===== Extracted data

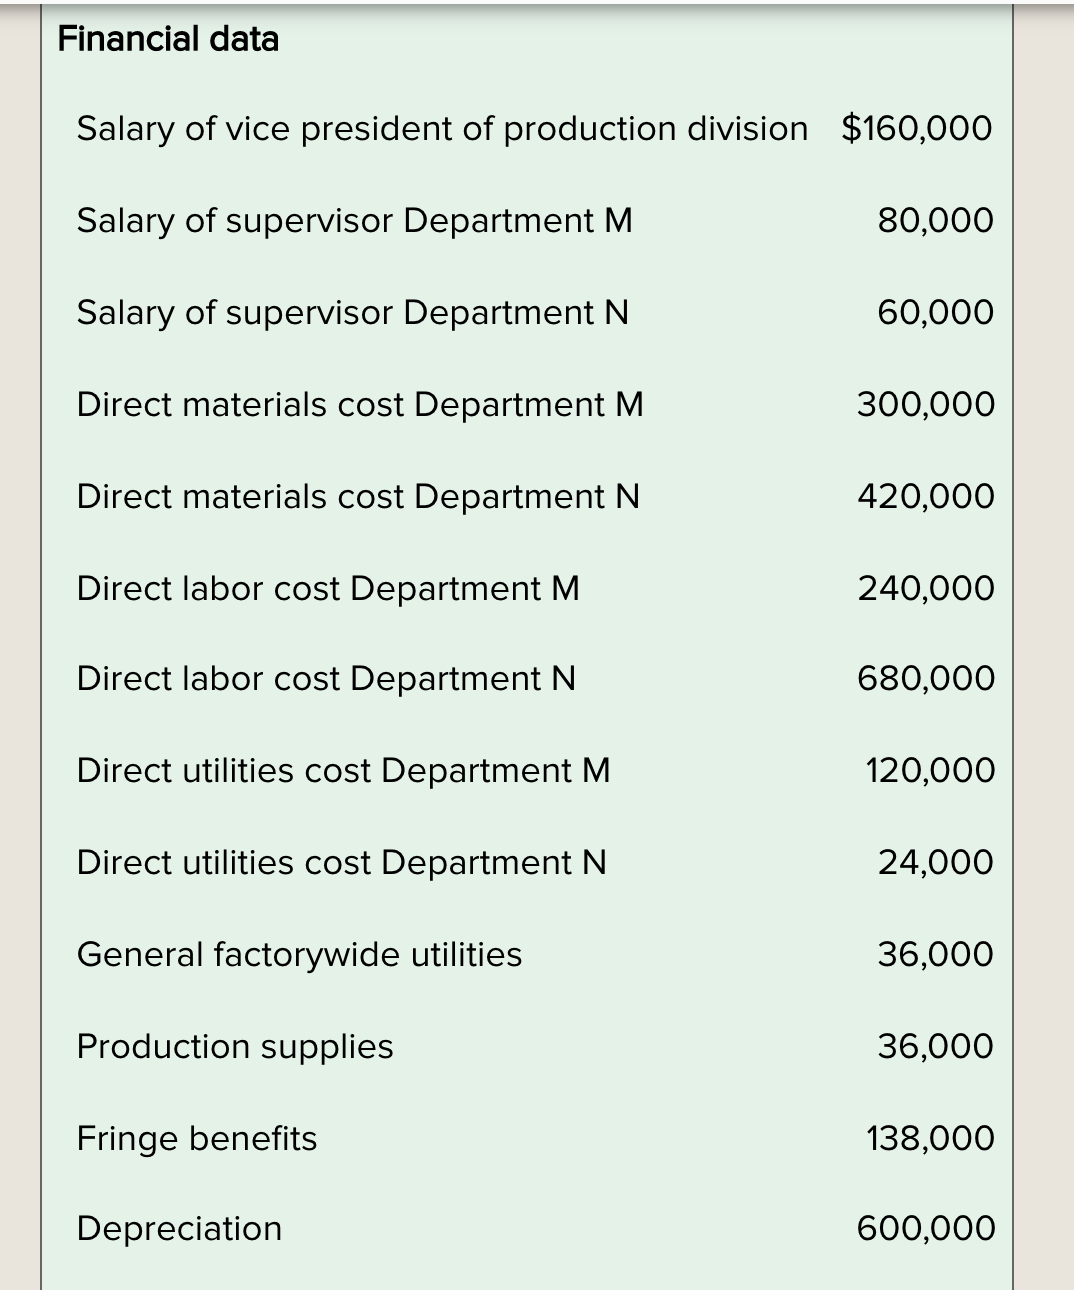 Financial data
Salary of vice president of production division $160,000
Salary of supervisor Department M
80,000
Salary of supervisor Department N
60,000
Direct materials cost Department M
300,000
Direct materials cost Department N
420,000
Direct labor cost Department M
240,000
Direct labor cost Department N
680,000
Direct utilities cost Department M
120,000
Direct utilities cost Department N
24,000
General factorywide utilities
36,000
Production supplies
36,000
Fringe benefits
138,000
Depreciation
600,000

==========

= Problem description =
Transcribe every line from the records above without alteration, and leave out the images.

= Result for this exercise =
 Financial data
Salary of vice president of production division $160,000
Salary of supervisor Department M
80,000
Salary of supervisor Department N
60,000
Direct materials cost Department M
300,000
Direct materials cost Department N
420,000
Direct labor cost Department M
240,000
Direct labor cost Department N
680,000
Direct utilities cost Department M
120,000
Direct utilities cost Department N
24,000
General factorywide utilities
36,000
Production supplies
36,000
Fringe benefits
138,000
Depreciation
600,000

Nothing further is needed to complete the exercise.